Our gMRB1 and AVFMRB1 across the white matter were within the range of the reported values of previous studies (g_MR: 0.64–0.76; AVF_MR: 0.26–0.43 in (Cercignani et al., 2017; Berman et al., 2018). The range of MVFMRB1 was in the upper half of previously reported values (0.17–0.42 in Cercignani et al., 2017). Our slightly higher MVF_MR values might be due to differences in the calibration approach: while we calculated the reference MVF_REF from previously published ex-vivo histology data (Graf von Keyserlingk and Schramm, 1984), Cercignani et al. (2017), used a reference from previously published ex-vivo histology g-ratio data in the corpus callosum and Berman et al. (2018), did not perform any calibration assuming that macromolecular tissue volume and MVF_MR are equal. An error in the calibration constant can lead to a bias in the MVF estimates which in turn leads to an error and bias in the MR g-ratio (Campbell et al., 2018).

As this study calculates the in-vivo MR g-ratio, there is no histological data available from the participants of this study, which could be used for calibration or as a gold standard reference. For calibration of MT_sat to MVF_MR, we estimated the histological MVF (MVF_hist) from published ex-vivo data within the human medulla oblongata (Graf von Keyserlingk and Schramm, 1984). Since the reference MVF_hist and the calibrated MT_sat map were taken from different subjects, this might introduce a systematic bias in the MR g-ratio. However, since we found a relatively good agreement between our g_MR, AVF_MR, and MVF_MR values with previously reported values obtained by a different calibration approach (Cercignani et al., 2017; Berman et al., 2018), we expect that it had a small effect on the results. Moreover, we focused on the effect of omitting B₁+ correction, which will lead to additional inaccuracies in g-ratio weighted imaging, independent of the quality of the calibration.
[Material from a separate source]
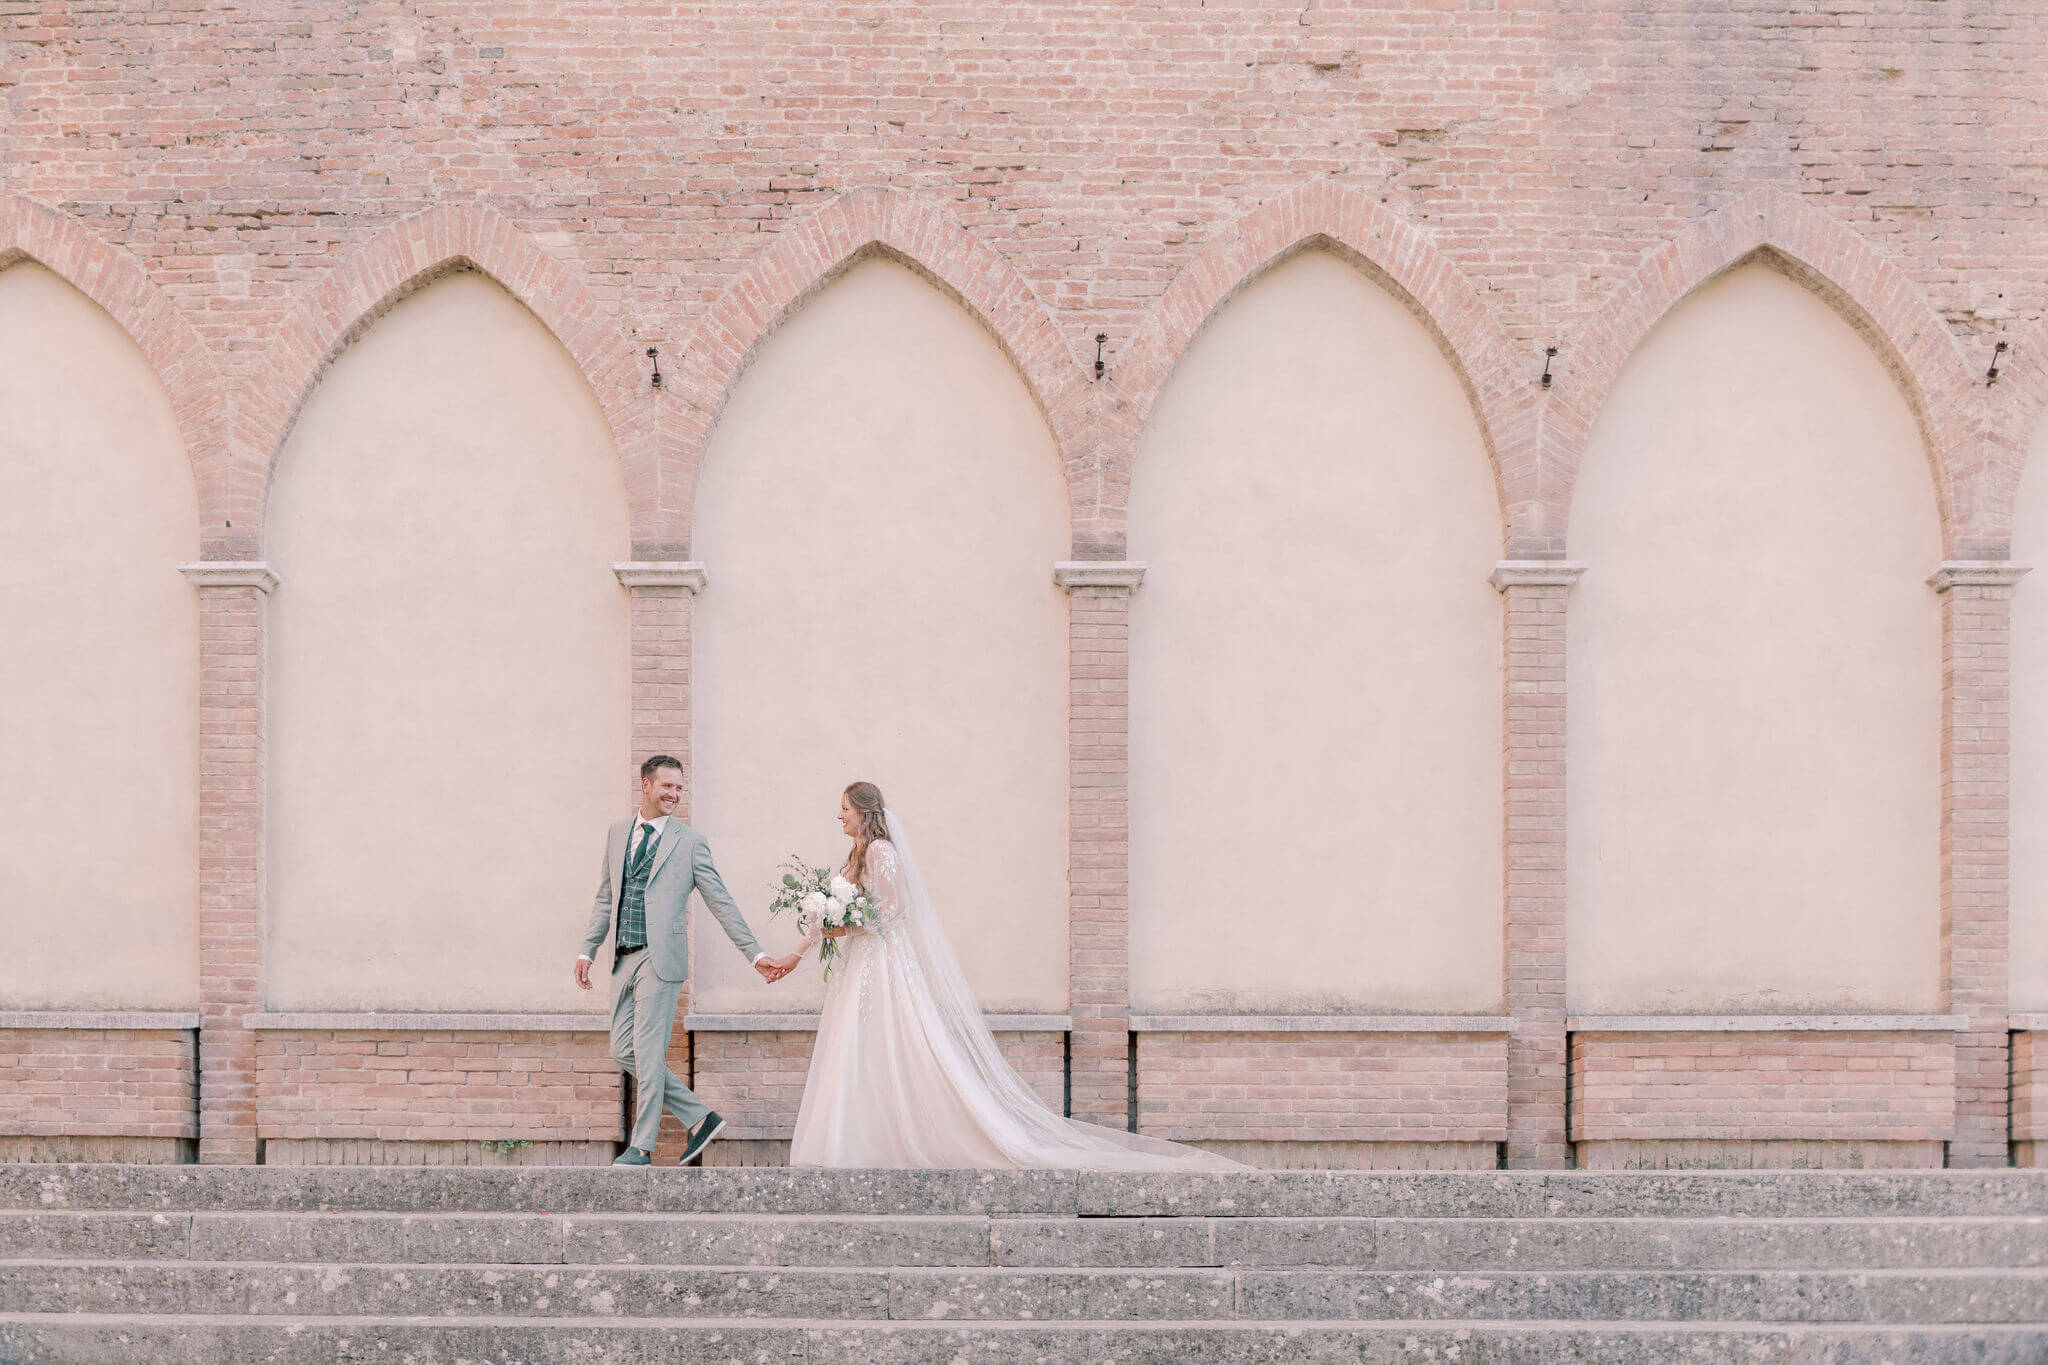 A bride and groom in front of a pink church as an illustration for a post about Dutch Wedding Traditions

Although, not reported in previous NODDI-based g-ratio mapping studies (Stikov et al., 2015; Cercignani et al., 2017; Jung et al., 2017; Mancini et al., 2017; Ellerbrock and Mohammadi, 2018; Hori et al., 2018), we found that the intra-cellular volume fraction (ν_icvf) determined with NODDI tends to be biased at small signal-to-noise ratios (SNR < 39), resulting in a ceiling effect, i.e., ν_icvf ≈ 1. To avoid a corresponding bias in g_MR (and AVF_MR), we restricted the analysis to regions with sufficiently high SNR (Figure 3). To investigate whether our findings generalize to low-SNR regions as well, we performed an additional Bland-Altman analysis of MVF_MR in whole-WM ROIs. To this end, a larger set of ROIs was used covering the entire white matter. Although the bias was smaller for the whole-WM as compared to the high-SNR ROI analysis, we found the same trend: the error and bias were reduced when using UNICORT B₁+ correction relative to no correction. Note that the smaller bias for the whole-WM analysis is most probably an artifact of the calibration procedure. Since the ROI used for calibration was not part of the high-SNR ROIs but was part of the whole-WM ROIs, we think it could have reduced the bias in the whole-WM ROI analysis as compared to the high-SNR analysis.
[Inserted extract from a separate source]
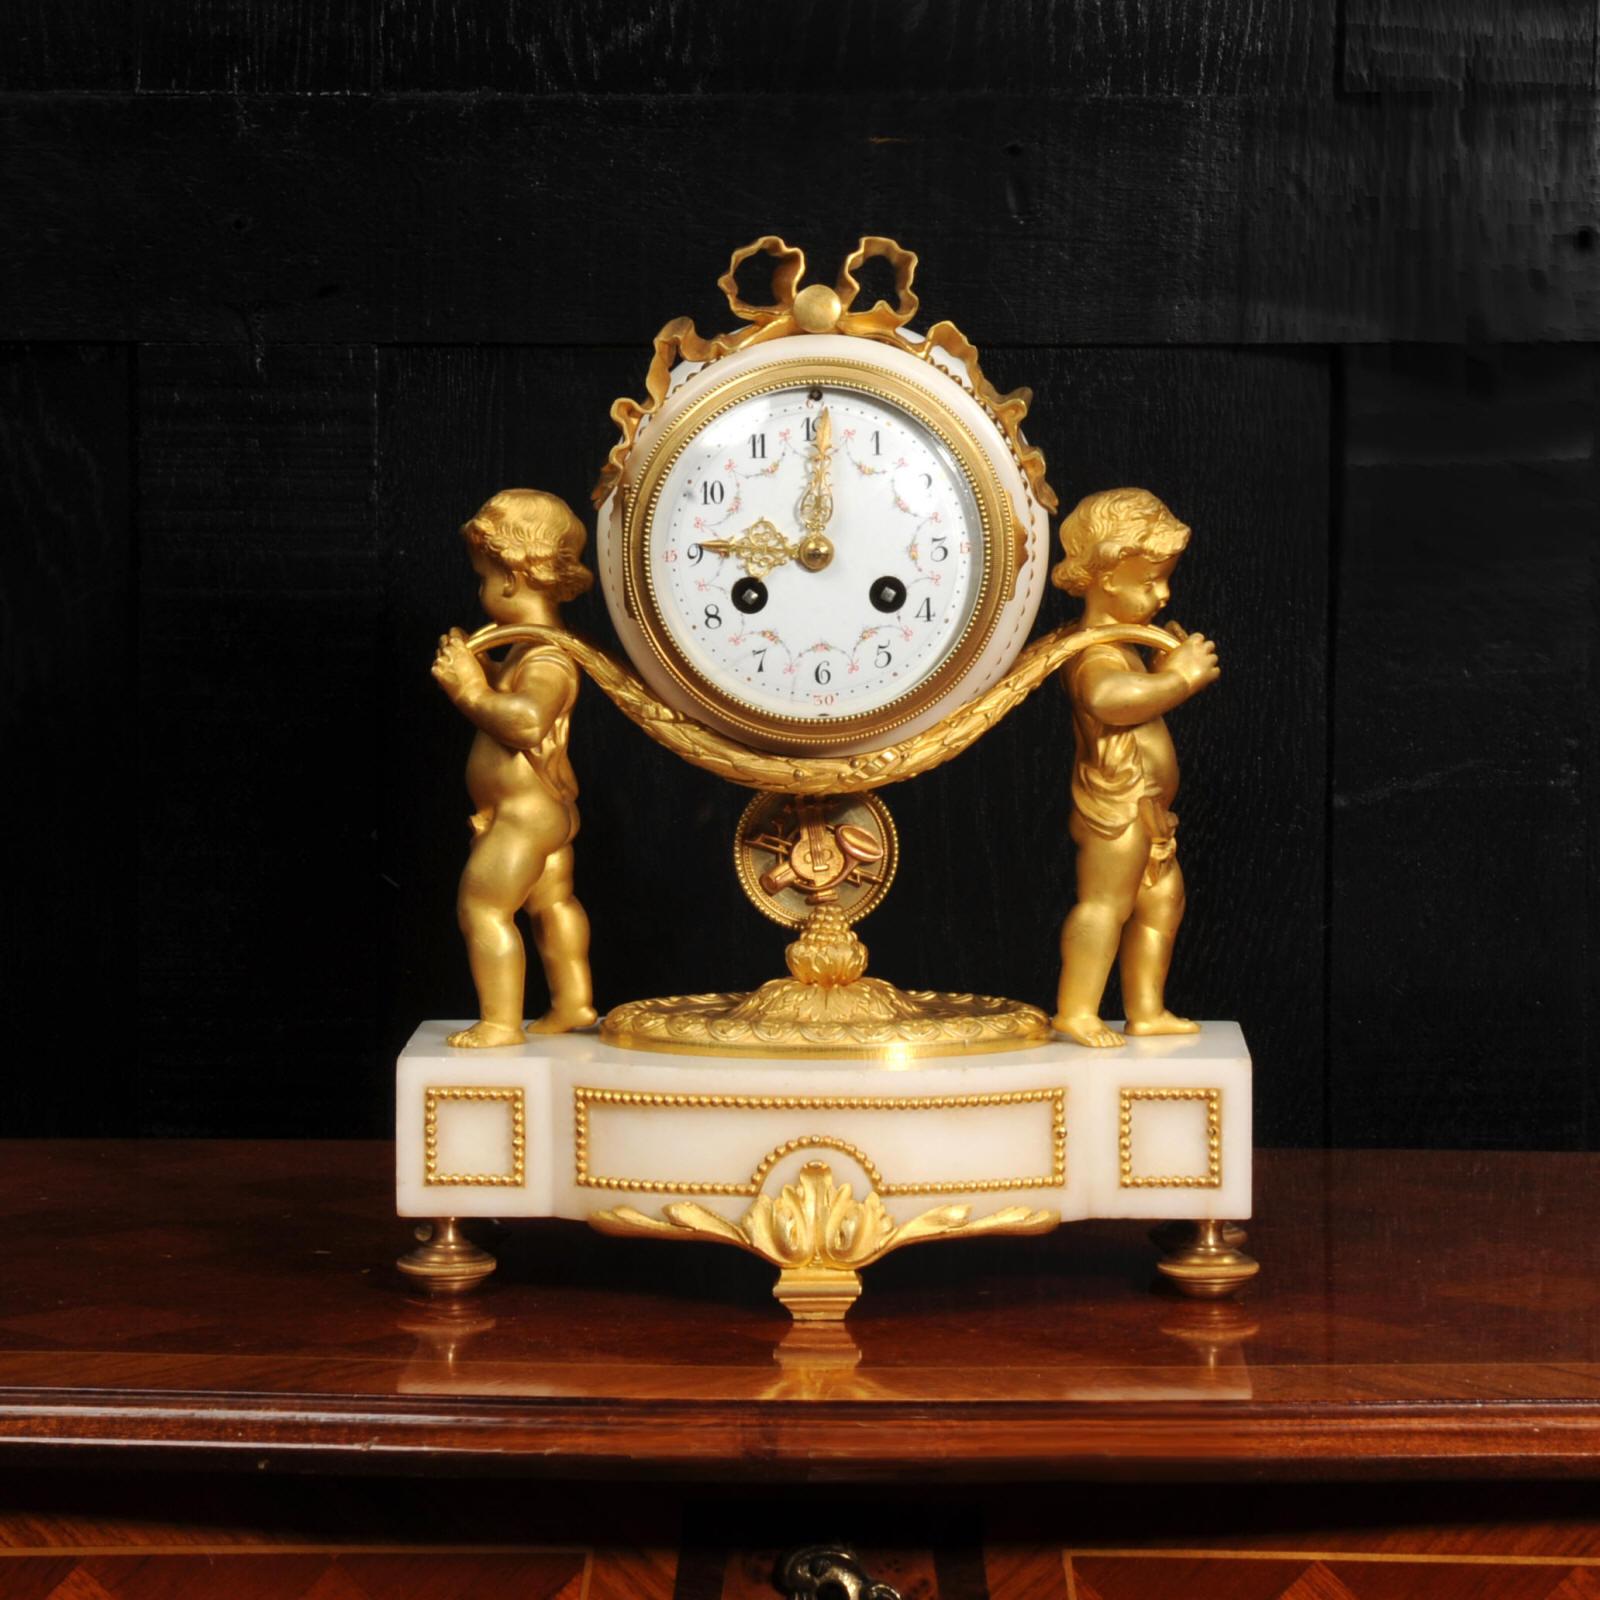 A beautiful original antique French clock modelled in the Louis XVI style as two charming cherubs carrying the clock on laurel wreaths. The pendulum with applied musical motifs, swinging gently below. It is beautiful made in ormolu (finely gilded

We note that the presented results were based on a customized B₁+ mapping method (Lutti et al., 2010). Using vendor specific protocols for B₁+ and MT_sat mapping may influence the results (Leutritz et al., 2020). Moreover, the calibration factor in Equation (1) may have to be recalibrated for different MT-pulses.
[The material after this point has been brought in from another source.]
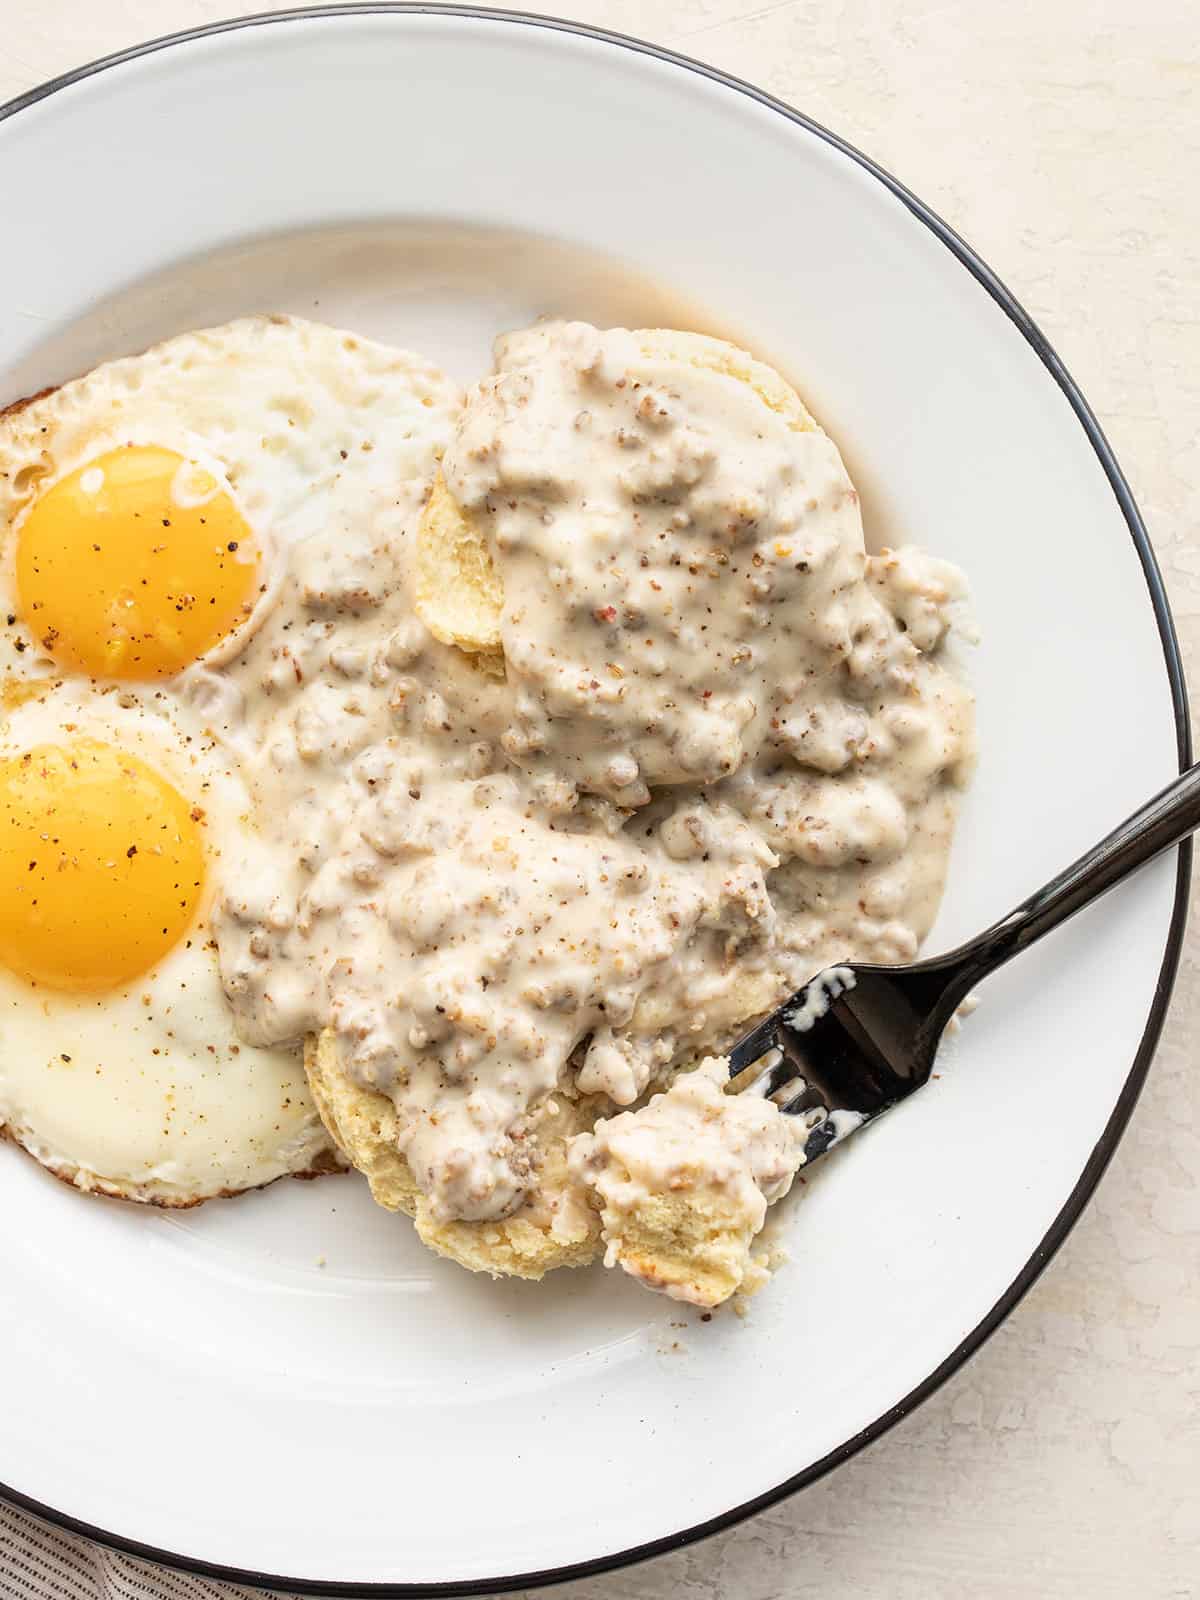 Biscuits and gravy on a plate with eggs, a fork taking a bite

Future studies should investigate the effect of B₁+ correction on MR g-ratio mapping when using alternative biomarkers to estimate AVF_MR and MVF_MR (e.g., Ellerbrock and Mohammadi, 2018). Moreover, there are alternative B₁+ mapping approaches available which might vary in precision (Lutti et al., 2010) and therefore can affect the MR g-ratio values. However, the differences in the precision of these methods are in the order of few percentage and thus much smaller than the effect of omitting the B₁+ field or using the data-driven UNICORT B₁+ estimate (Weiskopf et al., 2011).